BACKGROUND In West Africa where HIV-1 and HIV-2 co-circulate, the co-infection with hepatitis B virus (HBV) and hepatitis Delta virus (HDV) is not well described. This study aimed at estimating the prevalence of HBV and HBV/HDV co-infection according to HIV types and risk factors for HBV infection among West African HIV-infected patients. METHOD A cross-sectional survey was conducted within the IeDEA West Africa cohort from March to December 2012 in Côte d'Ivoire (three sites), Burkina Faso and Mali (one site each). All HIV-infected adult patients on antiretroviral therapy (ART) or not who attended one of the participating HIV clinics during the study period and agreed to participate were included.
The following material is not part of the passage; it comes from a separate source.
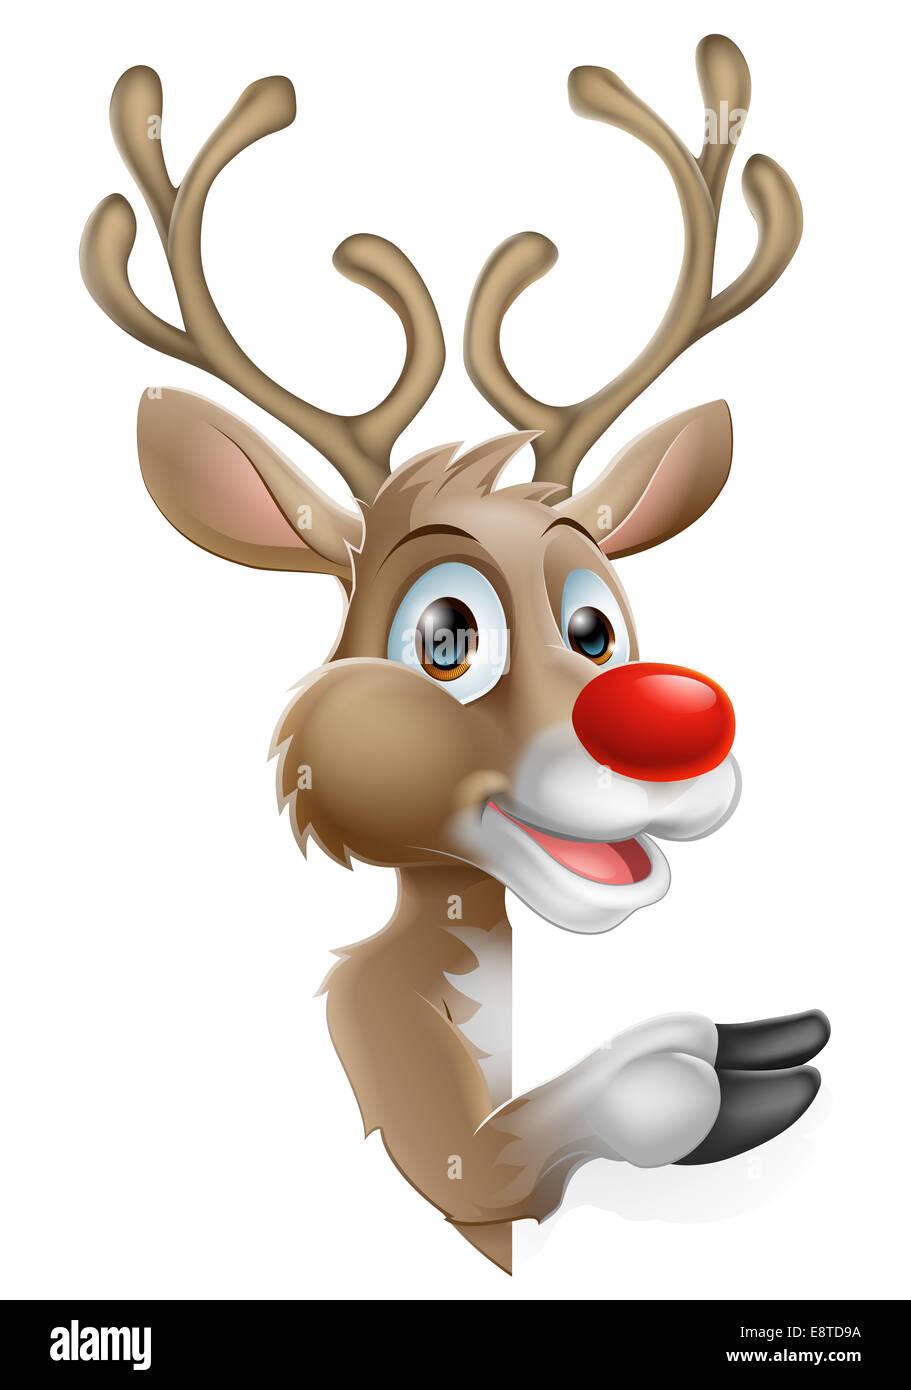 Cartoon Santas Christmas Reindeer peeking around a sign and pointing - Stock Image

Blood samples were collected and re-tested for HIV type discrimination, HBV and HDV serology as well as HBV viral load. Logistic regression was used to identify risk factors for HBV infection. RESULTS A total of 791 patients were included: 192 HIV-1, 447 HIV-2 and 152 HIV-1&2 dually reactive. At time of sampling, 555 (70.2%) were on ART and median CD4+ cell count was 472/mm(3) (inter-quartile range [IQR]: IQR: 294-644). Sixty-seven (8.5%, 95% CI 6.6-10.6) patients were HBsAg positive without any difference according to HIV type (7.9% in HIV-1, 7.2% in HIV-1&2 dually reactive and 9.4% in HIV-2; p = 0.61). In multivariate logistic analysis, age ≤ 30 years old (adjusted odds ratio [aOR] 5.00, 95% CI 1.96-12.76), age between 31 and 49 years old (aOR 1.78, 95% CI 1.00-2.21) and male gender (aOR 2.15, 95% CI 1.25-3.69) were associated with HBsAg positivity. HBV DNA testing was performed in 36 patients with blood sample available (25 on ART) and 8 (22.2%) had detectable HBV DNA. Among the HBsAg-positive individuals, 14.9% (95% CI 7.4-25.7) were also positive for anti-HDV antibody without any difference according to HIV type (28.6% in HIV-1, 14.3% in HIV-2 and 0.0% in HIV-1&2 dually reactive; p = 0.15). CONCLUSION HBV and HBV/HDV co-infection are common in West Africa, irrespective of HIV type. Therefore, screening for both viruses should be systematically performed to allow a better management of HIV-infected patients. Follow-up studies are necessary to determine the impact of these two viruses on HIV infection.